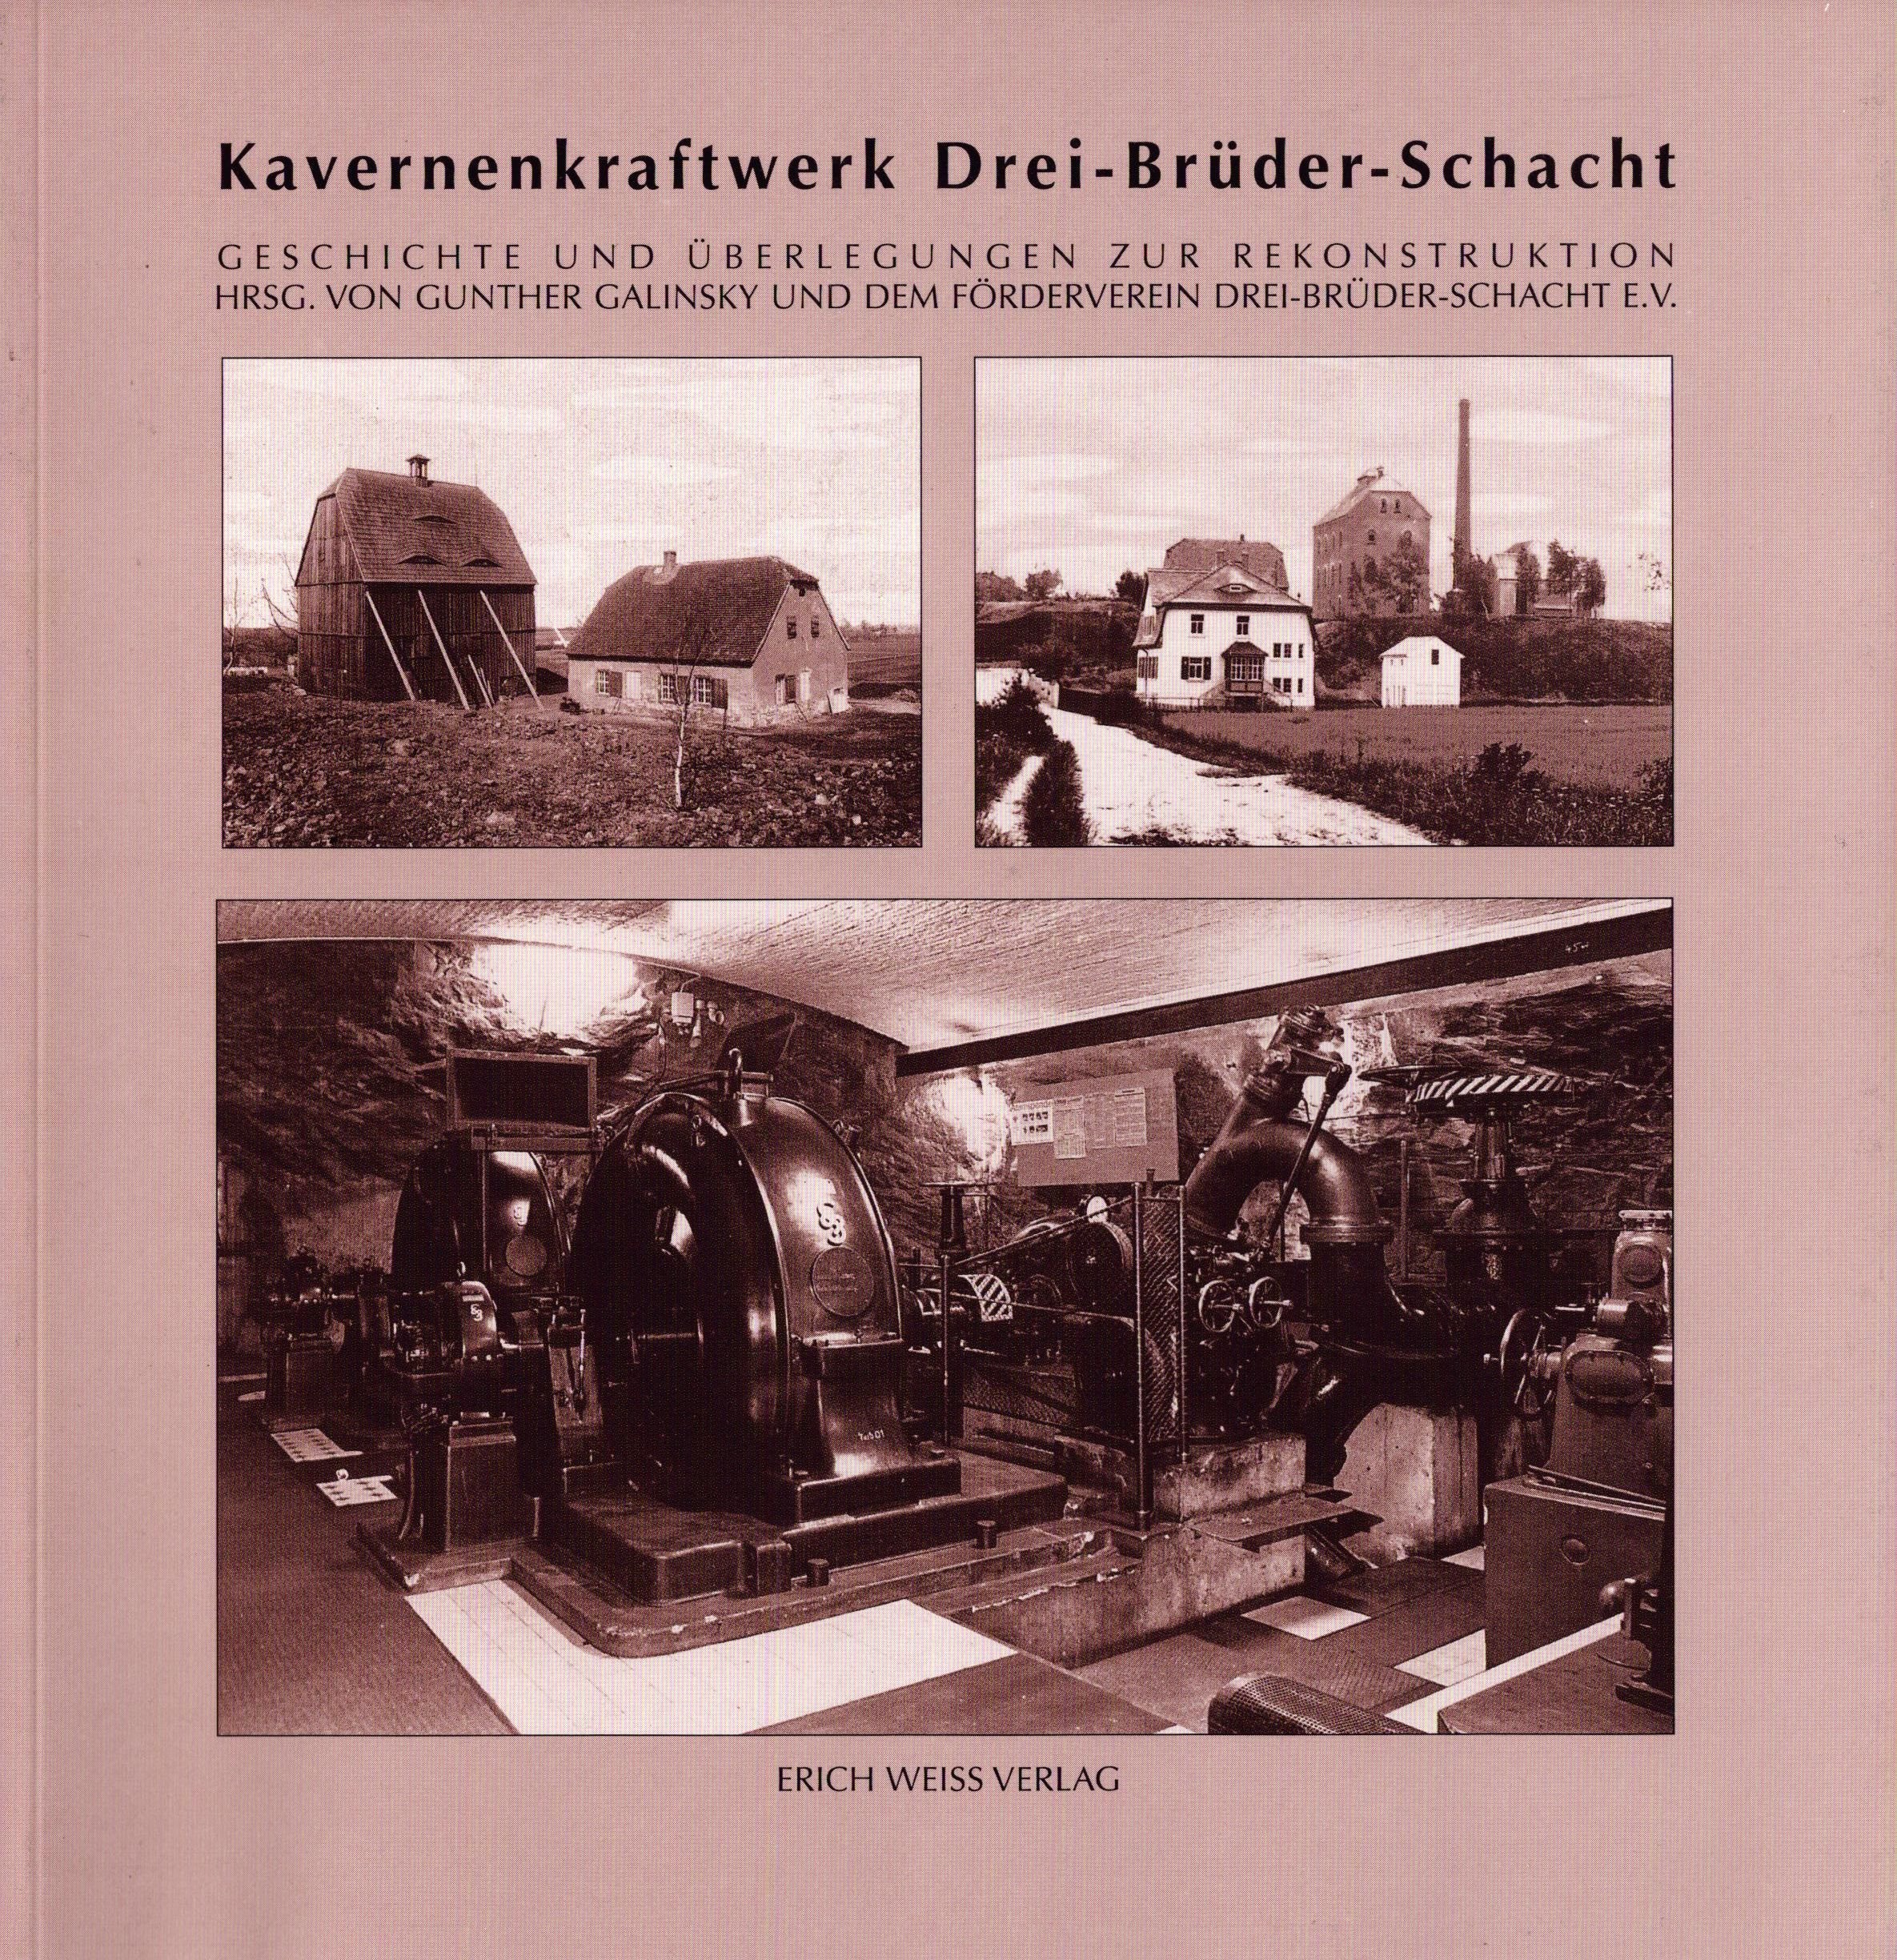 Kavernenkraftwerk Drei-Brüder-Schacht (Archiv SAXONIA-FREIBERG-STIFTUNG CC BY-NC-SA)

______

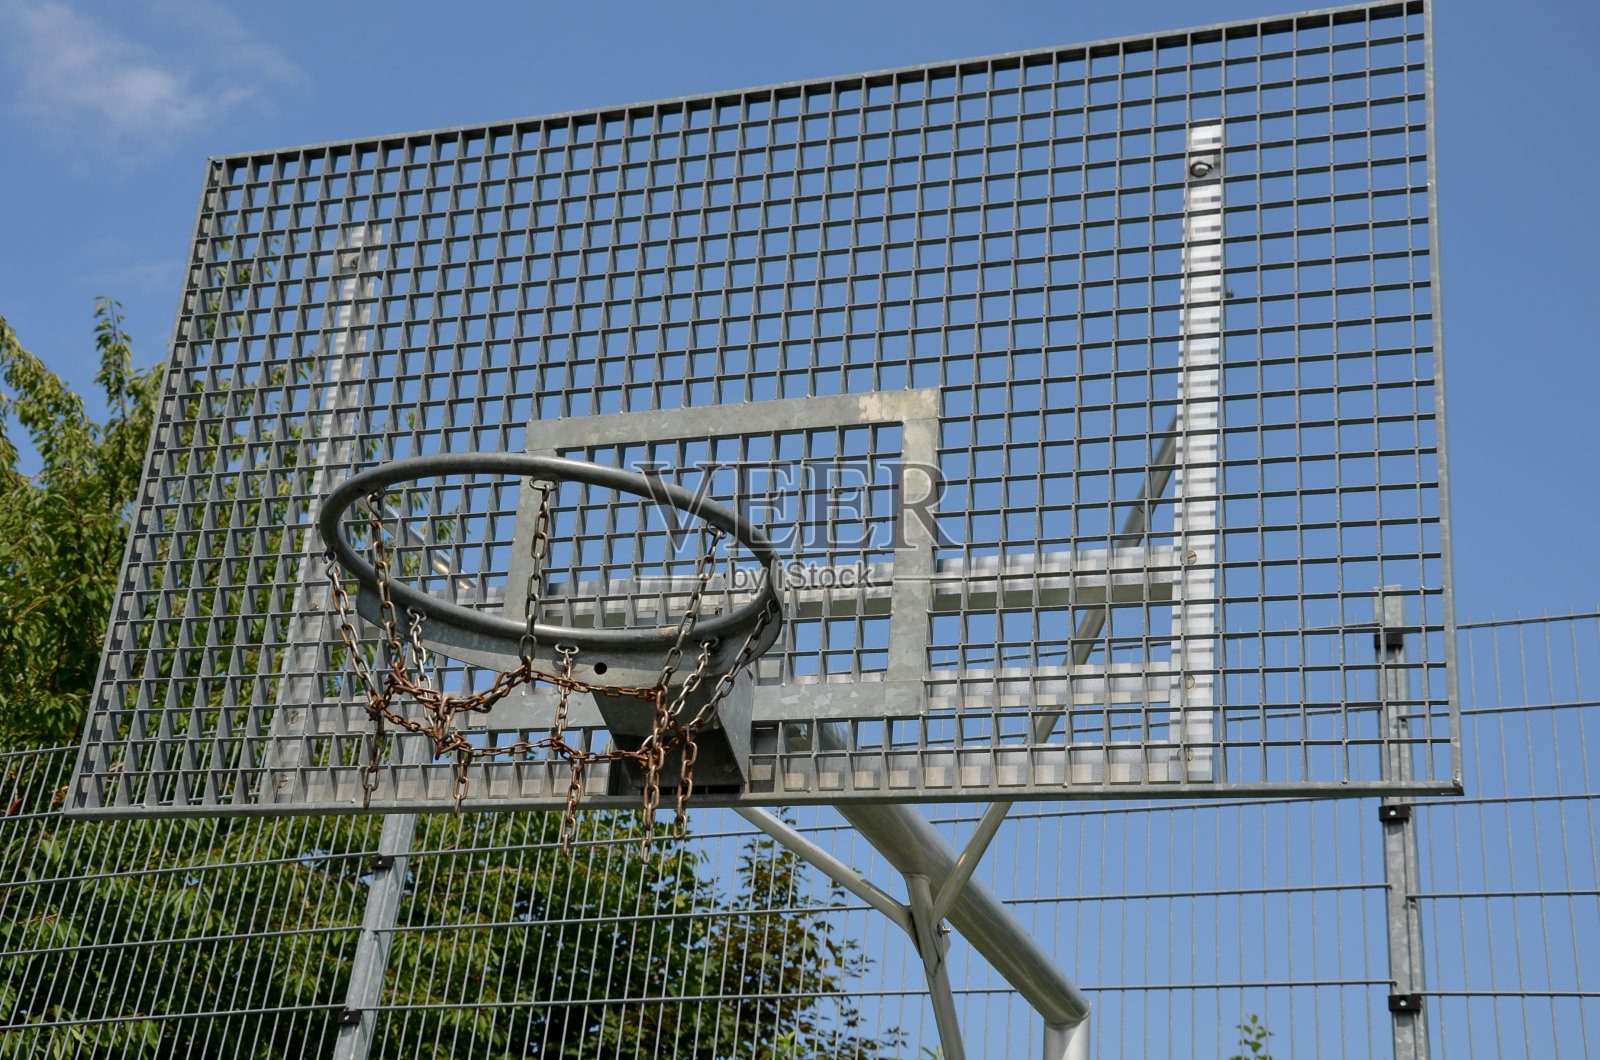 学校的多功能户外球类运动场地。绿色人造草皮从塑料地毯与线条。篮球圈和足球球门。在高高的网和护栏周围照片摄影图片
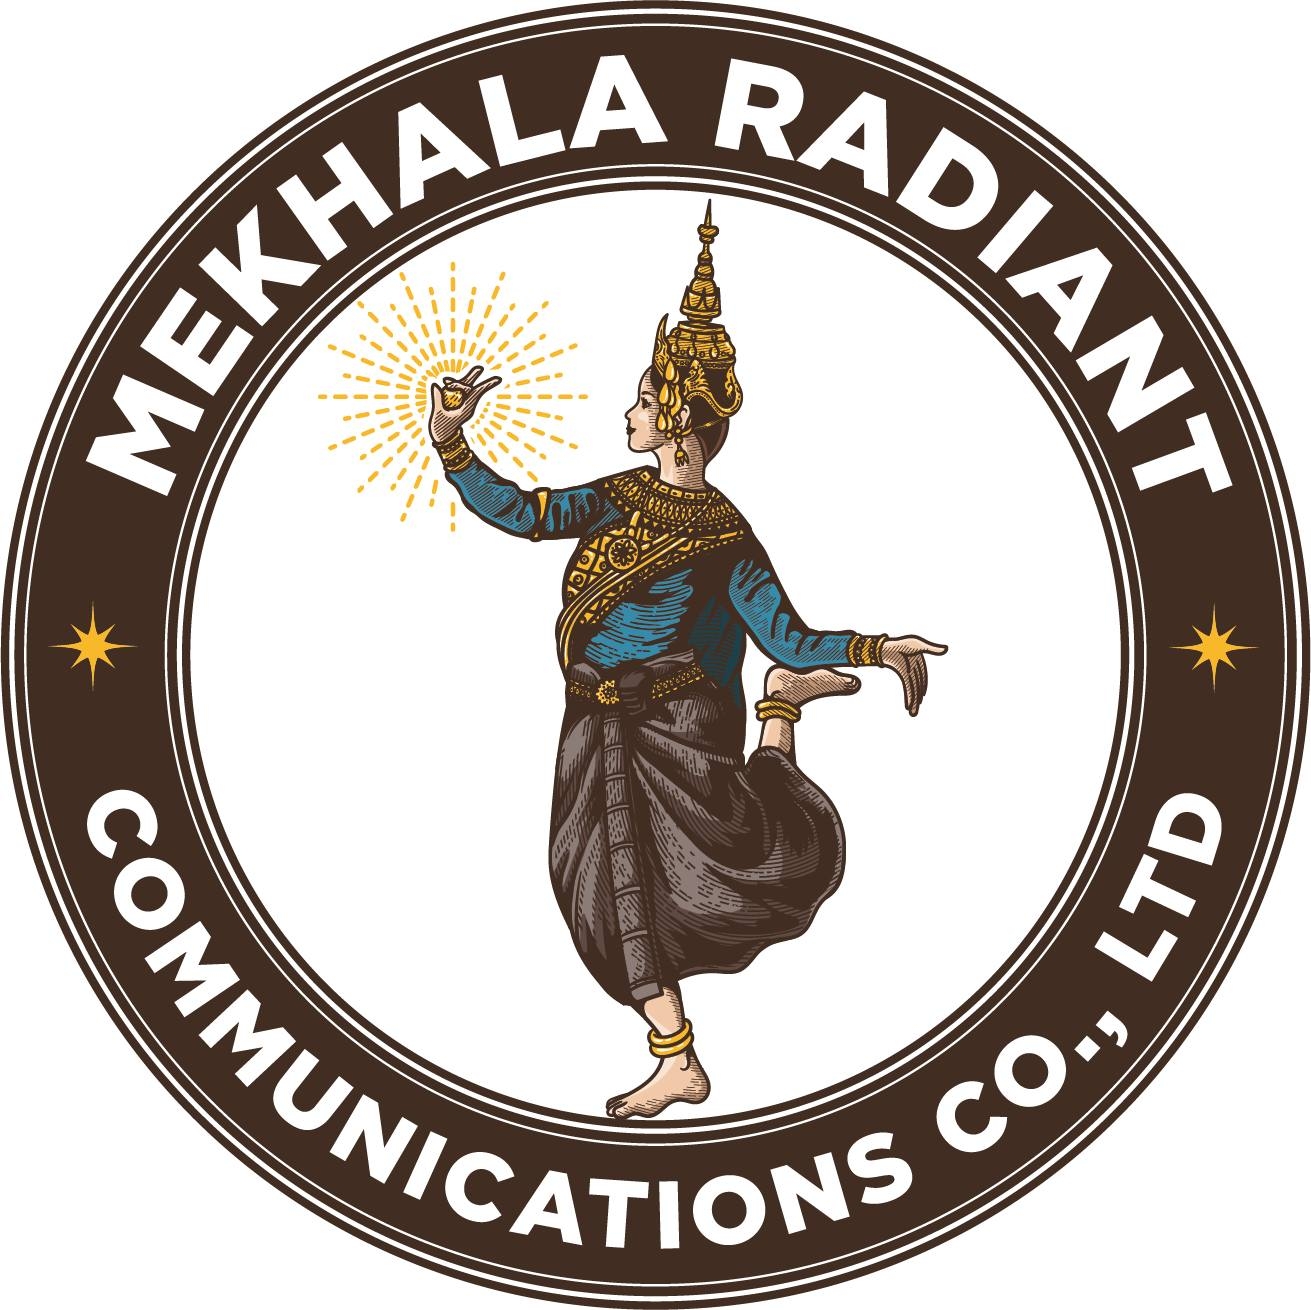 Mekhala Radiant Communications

______

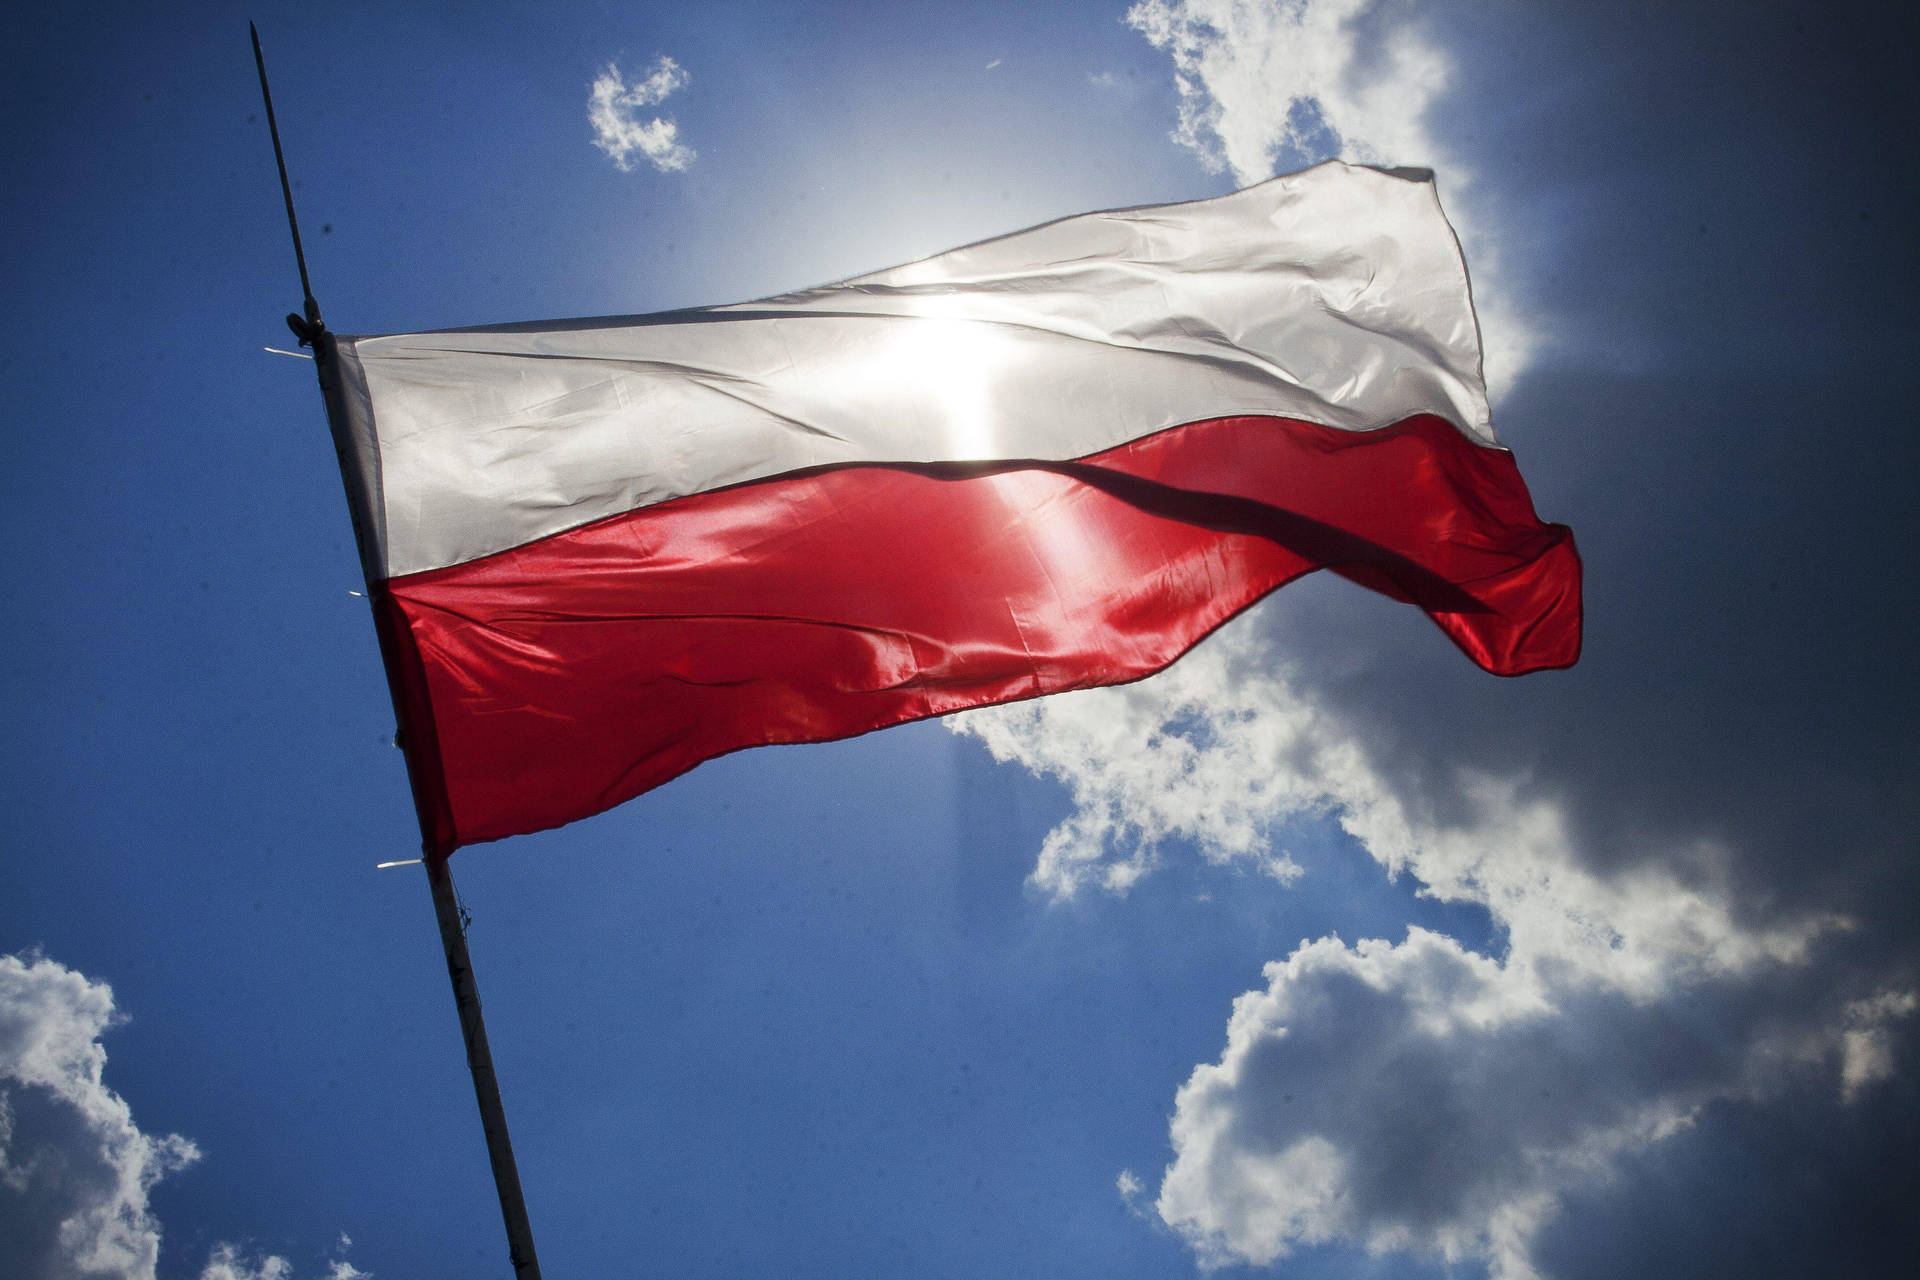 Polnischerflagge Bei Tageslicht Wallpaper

______

Skip every picture, and restate word for word only the lines above from the line containing "学校的多功能户外球类运动场地" to the line containing "Mekhala Radiant Communications", both of them included.

**Answer for this exercise:**
 学校的多功能户外球类运动场地。绿色人造草皮从塑料地毯与线条。篮球圈和足球球门。在高高的网和护栏周围照片摄影图片
 Mekhala Radiant Communications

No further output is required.